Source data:
-=-=-=-=-

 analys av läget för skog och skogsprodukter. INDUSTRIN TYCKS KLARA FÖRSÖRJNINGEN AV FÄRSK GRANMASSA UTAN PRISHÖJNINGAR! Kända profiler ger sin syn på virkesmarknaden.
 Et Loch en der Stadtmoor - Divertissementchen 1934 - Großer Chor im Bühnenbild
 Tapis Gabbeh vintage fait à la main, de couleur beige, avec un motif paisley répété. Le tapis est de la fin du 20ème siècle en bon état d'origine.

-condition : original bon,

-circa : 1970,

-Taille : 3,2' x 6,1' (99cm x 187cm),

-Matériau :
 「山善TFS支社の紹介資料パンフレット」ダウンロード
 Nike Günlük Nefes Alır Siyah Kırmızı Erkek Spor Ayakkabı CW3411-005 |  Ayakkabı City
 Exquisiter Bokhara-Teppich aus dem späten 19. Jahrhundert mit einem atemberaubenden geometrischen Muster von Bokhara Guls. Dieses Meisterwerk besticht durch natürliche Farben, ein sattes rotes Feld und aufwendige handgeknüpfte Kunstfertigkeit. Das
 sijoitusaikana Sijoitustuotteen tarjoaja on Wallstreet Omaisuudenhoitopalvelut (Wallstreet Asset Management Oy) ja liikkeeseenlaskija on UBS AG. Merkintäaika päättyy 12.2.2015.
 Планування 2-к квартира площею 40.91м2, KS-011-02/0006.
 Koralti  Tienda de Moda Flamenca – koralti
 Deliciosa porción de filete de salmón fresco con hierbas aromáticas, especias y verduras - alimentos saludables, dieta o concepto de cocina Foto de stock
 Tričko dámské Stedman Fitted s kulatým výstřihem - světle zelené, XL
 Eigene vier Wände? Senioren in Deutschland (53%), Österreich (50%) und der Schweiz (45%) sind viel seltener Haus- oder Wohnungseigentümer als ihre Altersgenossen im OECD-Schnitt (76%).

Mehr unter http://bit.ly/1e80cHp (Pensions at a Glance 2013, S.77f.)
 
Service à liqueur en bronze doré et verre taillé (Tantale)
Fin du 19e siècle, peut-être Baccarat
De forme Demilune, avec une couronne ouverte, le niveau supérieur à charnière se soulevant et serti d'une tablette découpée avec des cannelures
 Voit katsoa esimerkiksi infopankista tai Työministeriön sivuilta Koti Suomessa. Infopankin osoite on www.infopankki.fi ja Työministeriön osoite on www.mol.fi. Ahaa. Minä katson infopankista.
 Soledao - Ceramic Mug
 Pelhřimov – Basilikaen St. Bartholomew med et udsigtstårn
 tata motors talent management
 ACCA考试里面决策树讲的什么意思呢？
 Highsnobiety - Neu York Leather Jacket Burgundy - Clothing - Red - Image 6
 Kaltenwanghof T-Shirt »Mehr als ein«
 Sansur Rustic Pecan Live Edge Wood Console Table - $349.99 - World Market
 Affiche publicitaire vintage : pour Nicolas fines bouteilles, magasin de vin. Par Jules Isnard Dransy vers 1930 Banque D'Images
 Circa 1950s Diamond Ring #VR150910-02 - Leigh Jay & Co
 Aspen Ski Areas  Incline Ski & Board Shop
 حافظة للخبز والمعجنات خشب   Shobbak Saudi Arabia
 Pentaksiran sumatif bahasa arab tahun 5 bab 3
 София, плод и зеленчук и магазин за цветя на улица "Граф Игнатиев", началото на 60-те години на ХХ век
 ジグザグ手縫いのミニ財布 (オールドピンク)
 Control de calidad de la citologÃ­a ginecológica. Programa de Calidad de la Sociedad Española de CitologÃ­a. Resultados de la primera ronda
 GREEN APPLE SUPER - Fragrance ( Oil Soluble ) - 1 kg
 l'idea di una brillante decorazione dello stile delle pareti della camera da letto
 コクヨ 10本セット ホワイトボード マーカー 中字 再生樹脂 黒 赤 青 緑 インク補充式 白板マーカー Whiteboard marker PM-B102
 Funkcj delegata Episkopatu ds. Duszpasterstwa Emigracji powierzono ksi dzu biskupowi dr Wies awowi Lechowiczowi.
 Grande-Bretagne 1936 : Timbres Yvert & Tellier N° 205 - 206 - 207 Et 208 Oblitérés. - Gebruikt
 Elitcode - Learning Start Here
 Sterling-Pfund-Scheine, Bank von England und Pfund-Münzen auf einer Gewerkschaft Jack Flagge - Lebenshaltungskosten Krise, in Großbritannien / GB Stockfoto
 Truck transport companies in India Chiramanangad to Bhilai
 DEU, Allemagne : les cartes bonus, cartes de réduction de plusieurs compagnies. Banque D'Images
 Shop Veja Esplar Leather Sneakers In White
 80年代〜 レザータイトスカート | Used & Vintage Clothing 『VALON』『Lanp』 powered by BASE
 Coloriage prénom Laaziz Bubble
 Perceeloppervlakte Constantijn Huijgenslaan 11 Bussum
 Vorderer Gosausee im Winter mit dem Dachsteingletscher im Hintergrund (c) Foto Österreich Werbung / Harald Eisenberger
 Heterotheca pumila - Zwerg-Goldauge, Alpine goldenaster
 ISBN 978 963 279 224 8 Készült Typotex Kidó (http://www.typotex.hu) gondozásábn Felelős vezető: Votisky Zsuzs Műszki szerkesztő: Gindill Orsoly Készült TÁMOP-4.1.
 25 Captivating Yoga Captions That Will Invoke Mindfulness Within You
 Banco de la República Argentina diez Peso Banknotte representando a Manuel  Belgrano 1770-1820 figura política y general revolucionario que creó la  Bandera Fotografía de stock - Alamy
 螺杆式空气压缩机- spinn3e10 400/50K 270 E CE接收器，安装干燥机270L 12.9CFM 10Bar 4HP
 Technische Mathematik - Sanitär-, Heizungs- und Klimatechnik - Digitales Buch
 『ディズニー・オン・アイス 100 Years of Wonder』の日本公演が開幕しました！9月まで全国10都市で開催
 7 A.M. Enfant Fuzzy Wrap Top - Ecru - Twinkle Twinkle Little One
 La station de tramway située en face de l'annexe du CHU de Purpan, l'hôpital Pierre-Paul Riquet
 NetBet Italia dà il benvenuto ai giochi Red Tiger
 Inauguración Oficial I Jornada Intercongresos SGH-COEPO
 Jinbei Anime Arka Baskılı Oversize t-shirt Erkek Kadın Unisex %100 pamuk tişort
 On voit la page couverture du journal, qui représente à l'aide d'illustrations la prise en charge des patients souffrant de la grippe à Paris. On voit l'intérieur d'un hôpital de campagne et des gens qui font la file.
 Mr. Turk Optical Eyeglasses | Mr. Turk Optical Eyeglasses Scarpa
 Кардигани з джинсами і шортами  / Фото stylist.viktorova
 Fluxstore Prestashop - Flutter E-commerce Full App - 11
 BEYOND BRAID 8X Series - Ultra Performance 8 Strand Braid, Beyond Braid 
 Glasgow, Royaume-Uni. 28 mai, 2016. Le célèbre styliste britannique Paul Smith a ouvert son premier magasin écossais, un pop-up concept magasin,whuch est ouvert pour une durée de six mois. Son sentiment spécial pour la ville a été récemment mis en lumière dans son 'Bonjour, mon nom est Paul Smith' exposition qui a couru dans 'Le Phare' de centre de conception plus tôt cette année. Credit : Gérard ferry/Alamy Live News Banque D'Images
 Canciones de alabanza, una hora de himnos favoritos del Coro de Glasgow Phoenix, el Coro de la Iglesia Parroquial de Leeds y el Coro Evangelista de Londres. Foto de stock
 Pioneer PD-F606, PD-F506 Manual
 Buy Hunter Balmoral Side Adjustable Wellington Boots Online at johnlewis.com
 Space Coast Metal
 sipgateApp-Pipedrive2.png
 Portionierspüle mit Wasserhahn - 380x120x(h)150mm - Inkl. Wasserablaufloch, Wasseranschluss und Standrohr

-=-=-=-=-

TASK TO CARRY OUT - Beginning with the line that contains "sipgateApp-Pipedrive2.png", write out every line through the end of the entries above, exactly.

SOLUTION FOR THIS TASK -
 sipgateApp-Pipedrive2.png
 Portionierspüle mit Wasserhahn - 380x120x(h)150mm - Inkl. Wasserablaufloch, Wasseranschluss und Standrohr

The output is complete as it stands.